Dolar (USD)
32.47
Euro (EUR)
34.79
Gram Altın
2429.96
BIST 100
0
02:17 İMSAK'A
KALAN SÜRE


Ramazana girerken

Gönlümün kırgın tarafını ağırlar seher vakti. Çağlayan sesi susar, kuşları dinler.

Dinlemek ne güzel erdemdir bilir misin? İnleyen dallarına kuşlar konar kalkar.

Yorgun nefesine soluk yüklenir. Ya hay dedikçe dertlerin ummana karışır. Giden gider, hoş bir esinti kalır.

Gözlerin olur kâinat sonra, kâinat ise sözlerin. Ben gözyaşını bu sebepten sevdim. Ruhun cilasıdır o. Toz tutmuş mahzenleri temizler.

Gövdene sal olur her parçasında, dinginliğe yol verir...

Dinlemek iyidir seher vaktini. İyi gelir. Hele de kutlu bir gecenin seheri ise. Ramazan’a yol veriyor ise.

Biz samimi, ahlak, dua üzere oldukça birlik hasletini önemsedikçe ramazan bambaşka güzelliklerle gelir. ‘’Hoş geldin Ya Şehri Ramazan’’ dersin bütün rikkatinle…

Sahur vaktidir ramazanın ruhuyla hemhal olmaya başlangıç. İnsana huzur katan.

Sıcaklığı, bereketi çoğaltan.

Sahur vaktinde zor olsa da uyanışlarımız büyük bir teslimiyetin göstergesidir. Ve gönülce uyanmaya vesile olacak saatlerdir. Teheccüt namazı kılmak, Kur’an okumak, ev halkının hoşnutluğu , beraberce ibadet etme, kutlu vakitlerin sunduğu huzur.

Oruca alışmamda ki vakit dilimidir sahur, çocukluğumda. Çay kaşığı şıkırtıları kulaklarımdadır. Uykudan feragat etmeye vesile tek saattir o belki de.

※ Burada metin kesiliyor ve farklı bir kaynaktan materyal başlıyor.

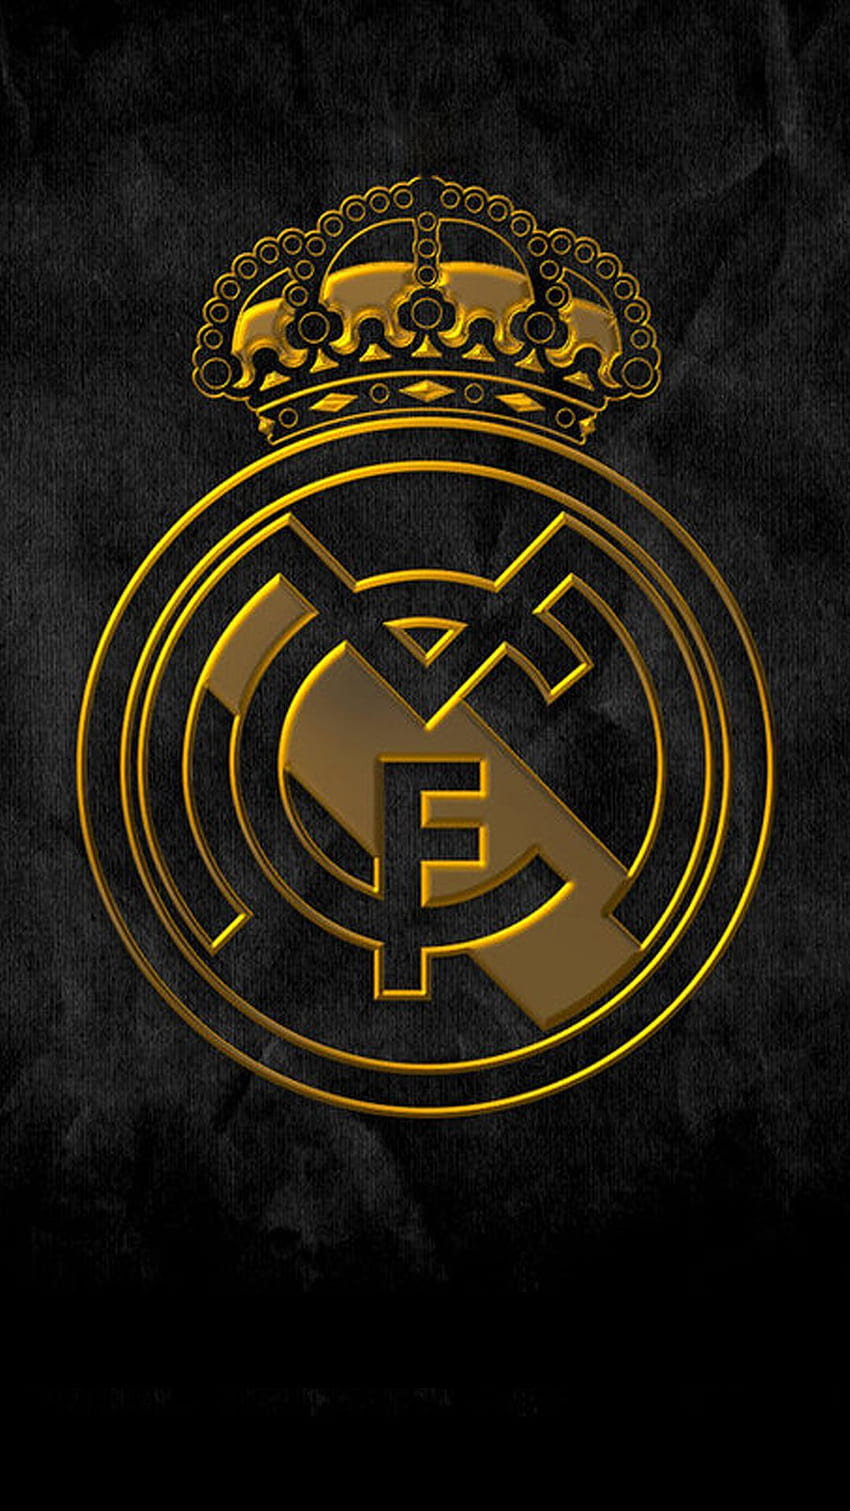 HALA MADRID WE ARE REAL, HALA MADRID WE ARE REAL, HALA MADRID WE ARE REAL. Madrid , Real madrid , Real madrid logo HD phone wallpaper

Bazen kokulardır nostalji… Alır götürür sizi bir yerlere… Çocukluk koklarım yine her sahurda. Çocukluğumun geçtiği iki katlı, çokça odası olan bir evdi babaannemlerin evi…

Sahurda evi buram buram yumurtalı ekmek kokusu sarardı. Rahmetli dedem ve babam “yumurtalı ekmek tok tutuyor adamı” derler sık sık yaptırırlardı.

Annemin özenle dilimlediği ekmekleri çırpılmış yumurtaya bulayıp cızır cızır yağda bir güzel kızarttığını izlemişimdir çocuksu meraklarla...

Ve o kocaman evin kocaman sofasında kurulan kocaman sofra…

Amcalarım, halalarım, dedem, babaannem, annem, babam, kardeşlerim, kuzenlerim…

O çıtır çıtır yumurtalı ekmekle sessizliği bozan gülümsemeli sohbetleri hatırlıyorum. Ve dedemin biz torunlarını hiç incitmeden biz ne desek “ey gardaş” deyişini...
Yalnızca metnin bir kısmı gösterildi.